Therefore, careful planning is necessary to meet the deadline of starting radiation
within 20 business days of randomization and within 12 weeks of the end of induction
chemotherapy

- NOTE: Chemoradiotherapy should be planned to start up to 12 weeks after the end
of induction chemotherapy, but after imaging and cystoscopic restaging,
randomization, and any pretreatment radiation quality assurance (QA) that is
required

- Patients must not be pregnant or breast-feeding due to the potential harm to an unborn
fetus and possible risk for adverse events in nursing infants with the treatment
regimens being used

- All patients of childbearing potential must have a blood test or urine study
within 14 days prior to registration to rule out pregnancy

- A patient of childbearing potential is defined as any patient, regardless of
sexual orientation or whether they have undergone tubal ligation, who meets the
following criteria: 1) has achieved menarche at some point, 2) has not undergone
a hysterectomy or bilateral oophorectomy; or 3) has not been naturally
postmenopausal (amenorrhea following cancer therapy does not rule out
childbearing potential) for at least 24 consecutive months (i.e., has had menses
at any time in the preceding 24 consecutive months)

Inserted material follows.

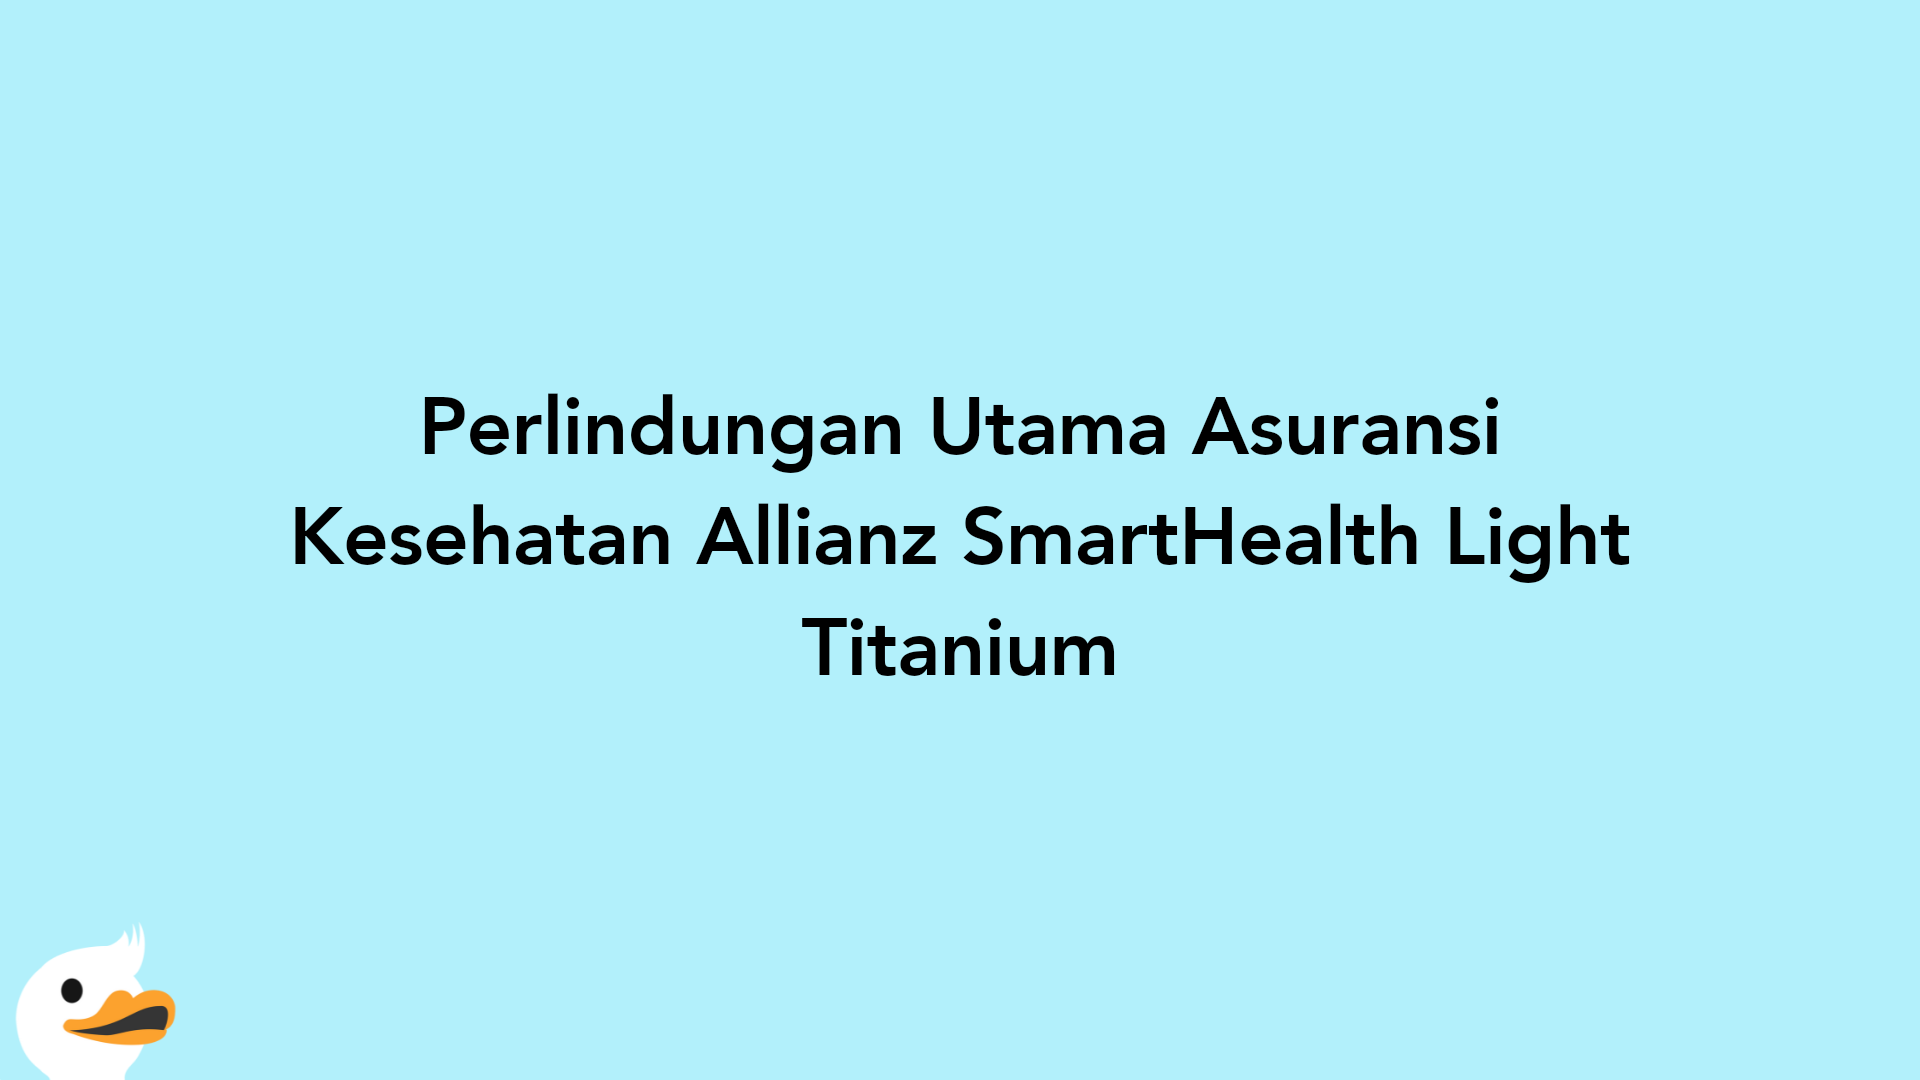 Perlindungan Utama Asuransi Kesehatan Allianz SmartHealth Light Titanium

- Patients must not expect to conceive or father children by using accepted and
effective method(s) of contraception or by abstaining from sexual intercourse at least
one week prior to the start of treatment and continue for at least 3 months after the
last dose of the protocol treatment

- Leukocytes >= 3,000/mcL (obtained < 14 days prior to randomization)

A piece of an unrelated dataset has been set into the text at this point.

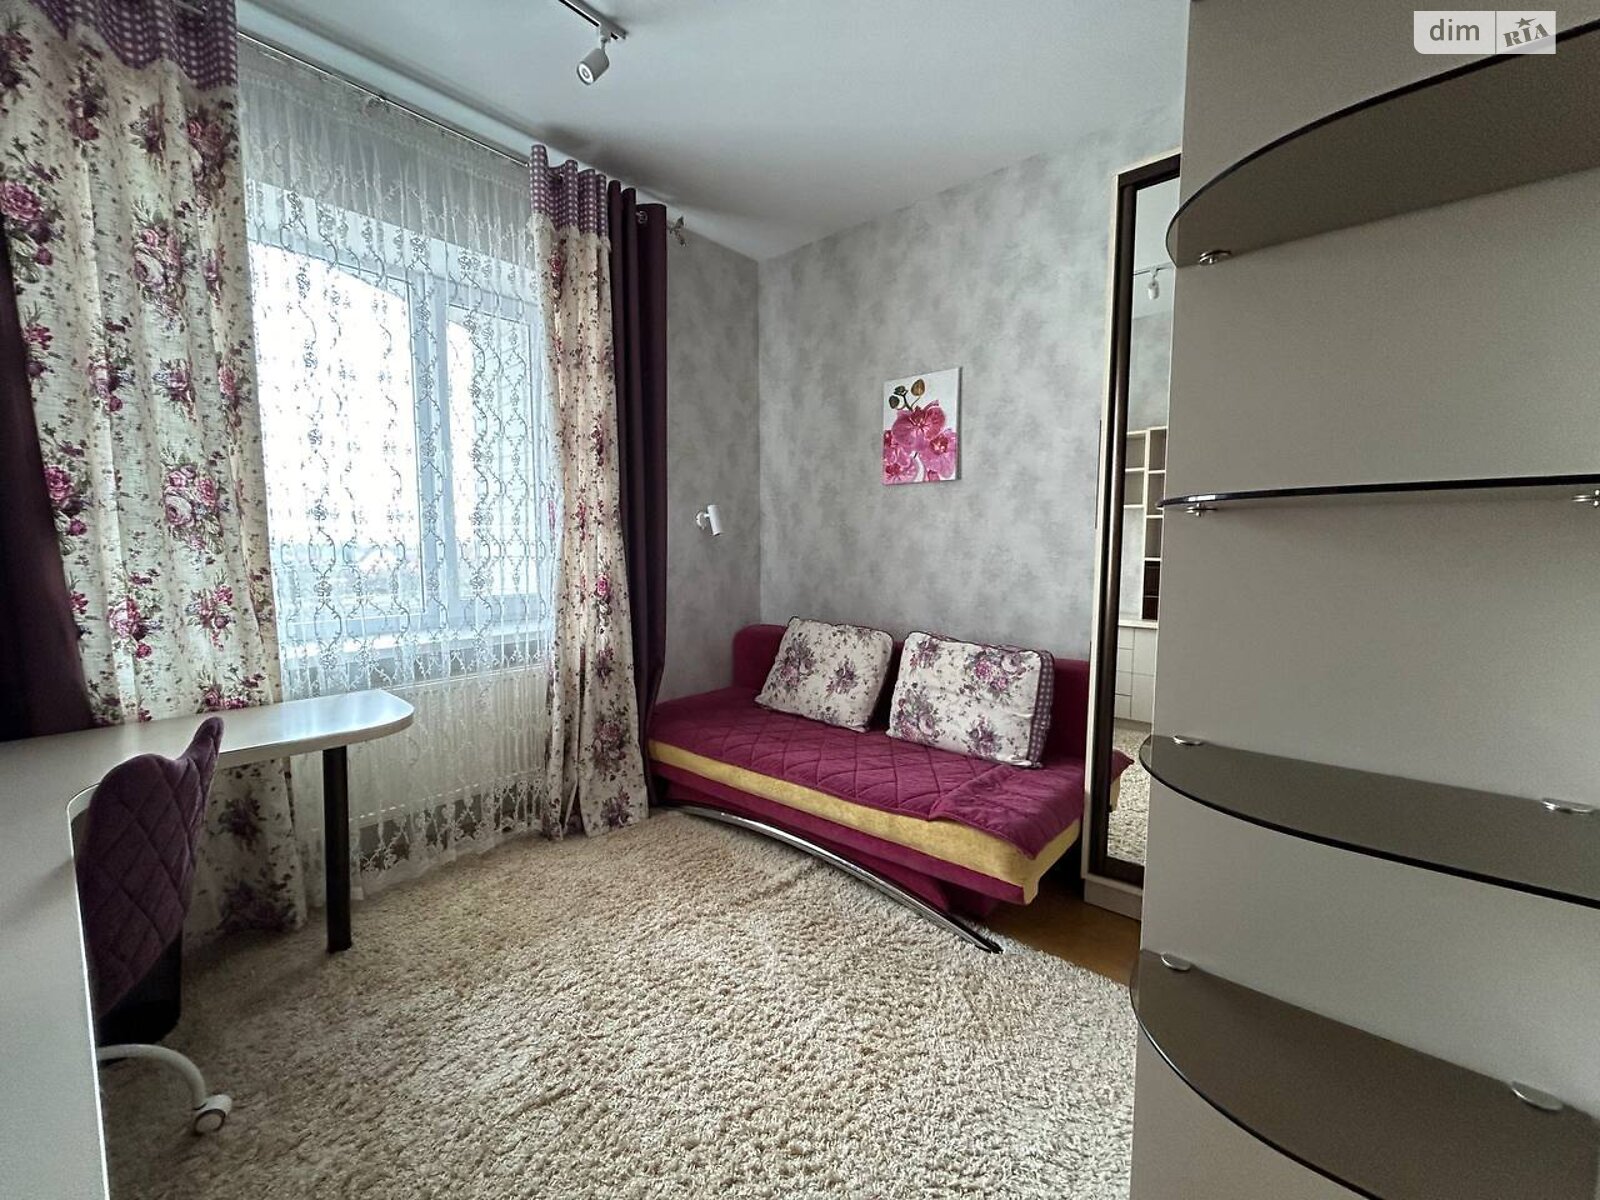 Продажа трехкомнатной квартиры в Змиенце, на ул. Васильковская, фото 1

- Absolute neutrophil count (ANC) >= 1,500/mcL (obtained < 14 days prior to
randomization)

- Hemoglobin >= 9 g/dL (obtained < 14 days prior to randomization)

- Platelets >= 100,000/mcL (obtained < 14 days prior to randomization)

- Total bilirubin =< 1.5 x institutional upper limit of normal (ULN) (obtained < 14 days
prior to randomization)

- AST (SGOT)/ALT (SGPT) =< 2.5 x institutional ULN (obtained < 14 days prior to
randomization)

- Must have adequate renal function as evidenced by calculated (Cockcroft's formula)
creatinine clearance or 24 hours actual creatinine clearance >= 30 mL/min. The
creatinine used to calculate the clearance result must have been obtained within 14
days prior to randomization. Actual body weight, not ideal body weight, must be used
in the calculation

- Step 3 (Post chemoRT+/- Durvalumab, prior to starting adjuvant Durvalumab versus [vs.]
observation) Inclusion Criteria

- Patient must have evaluation to determine clinical outcome post chemoRT+/- durvalumab
with imaging and cystoscopy with biopsy confirmation to ensure no progression and
absence of >= T2 disease in the bladder

- Patient must have achieved either complete clinical response OR have demonstrated
clinical benefit prior to continuing onto adjuvant durvalumab

- Patients who are to go on the adjuvant durvalumab arm must have recovered to at least
grade 2 or less immune related adverse events (AE) prior to starting treatment except
for immune related alopecia, clinically asymptomatic endocrinopathies. For patients
who may have gotten immune related AEs during chemoRT+ durvalumab, registration could
be delayed up to additional 4 weeks to ensure recovery to at least grade 2 or lower
prior to starting adjuvant therapy. However patients with durvalumab related AEs that
require permanent discontinuation of durvalumab will not continue on the adjuvant
treatment regardless of the response

- ANC >= 1,000 mcL (within 4 weeks of start of day 1 [D1] of adjuvant treatment)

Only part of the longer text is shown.